October 01, 2000|By Susan Reimer
THE PHRASE "gender wars" was first used to describe the skir-mishes between men and women that followed the libera-tion of one of the combatants.
It is one of those snappy media expressions that shows up everywhere until it is worn out. So it is not surprising that it has been applied to the education of boys and girls. It conjures a picture of our children bloodying each others' noses in the playground over the right to re-enter the classroom.
In 1992, the American Association of University Women released a landmark report, "How Schools Shortchange Girls," on gender bias in education. At about the same time, Harvard's Carol Gilligan wrote that the social sciences have historically described the development of girls as if they were flawed boys.
That was the first salvo in the battle, and the other side fired back, most recently with Christina Hoff Sommer's "The War Against Boys: How Misguided Feminism Is Harming Our Young Men." She argues that education is trying to break the spirit of boys and make them more like girls.
Recently, the AAUW gathered several experts on boys and girls around a peace table in Washington. The panel included, among others, Susan Bailey of the Wellesley Center for Research on Women, who wrote that watershed AAUW report; Lynn Phillips, author of "The Girls Report"; and James Garbarino of Cornell, William Pollack of Harvard and Michael Kimmel of SUNY-Stony Brook, who have studied and written about the development of boys.
However loud the disagreements might have been behind closed doors, the experts -- all of whom have been frustrated by the media's sound-bite reporting of their scholarship -- were all smiles when they emerged.
In a charming irony, Barrie Thorne of the University of California, whose specialty is researching the behavior of children on the playground, was given the job of summarizing their spirited discussions.
The panel agreed, she said, that it is wrong to assume that advancing the needs of girls must necessarily come at the expense of boys. "It is not a zero-sum game," she said. "A better way to understand it is that there are multiple problems in the education of girls and boys that need to be addressed simultaneously."

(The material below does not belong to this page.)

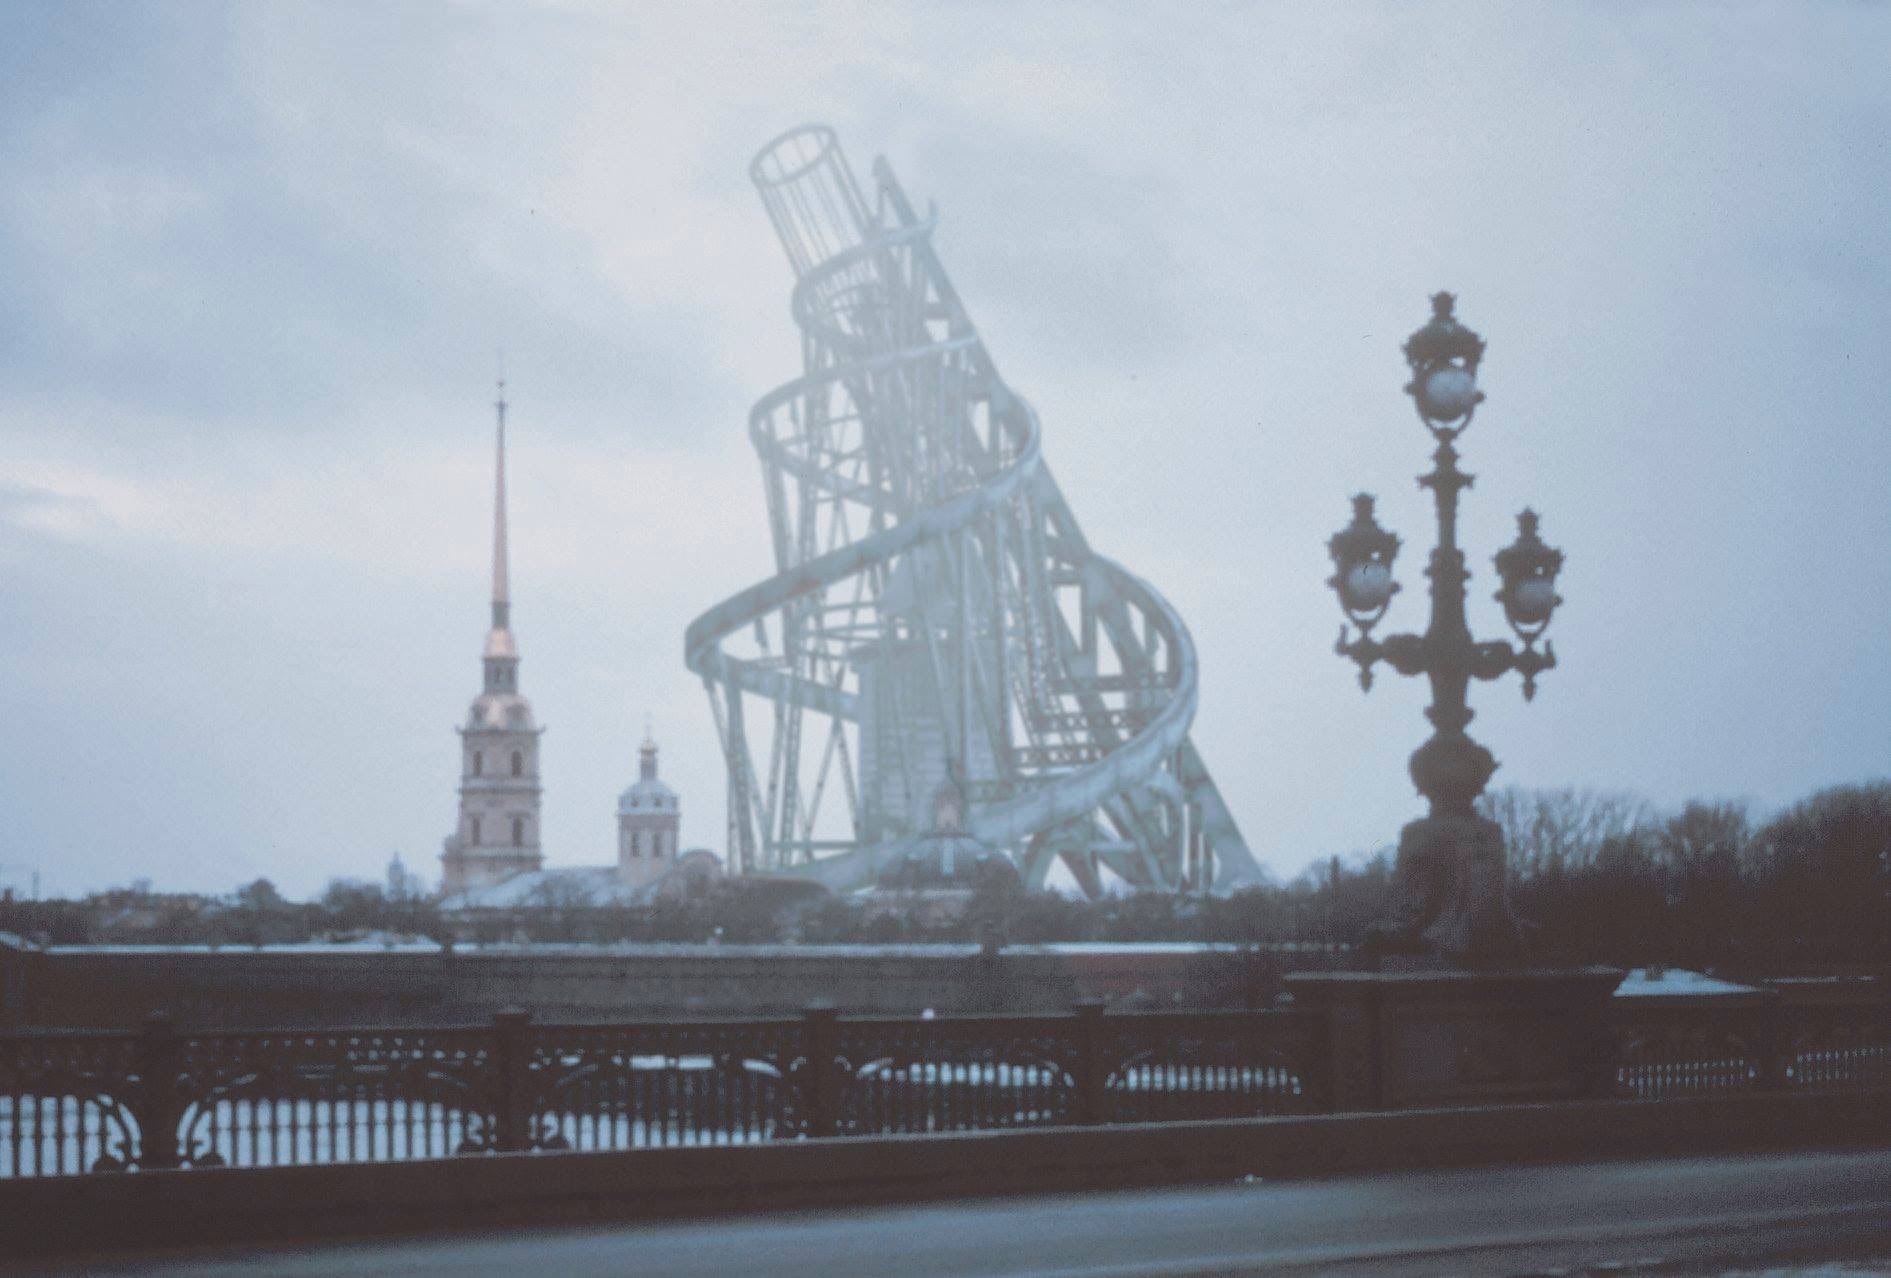 A render of what the tower would have looked like in the St. Petersburg skyline, so fuzzy you could mistake it for something real. Taken from an animated clip by Takehiko Nagakura, who focuses on visualizing unbuilt monuments.

It is also wrong, the panel agreed, to portray boys and girls as separate and homogeneous groups. Their characteristics and their difficulties are similar, and they overlap. And their problems are often shaped more by economics, race, age, disability, language or athletic ability than they are by sex.
"Each child is located in a complex field of differences," she said.
And it is unfair to characterize either boys or girls as members of an "at-risk population," she said. It is not the children who are "toxic" or "at-risk," it is the environment from which they come.
"The problems of children are complicated," said Thorne. "Issues of gender and gender equity are not either-or. They are not a matter of homogeneity or group pathology."
Finally, Thorne made the emphatic point that it is the adults who have created these labels for children, who have stereotyped them and who have arranged their education around those stereotypes. Therefore, it is up to the adults to fix it.
Adults will have to manage the limited resources of education to reduce the gaps between groups of children while increasing the achievement of both.
It won't be easy to do. But it is the adults who started this war, and we have caught the kids in the middle.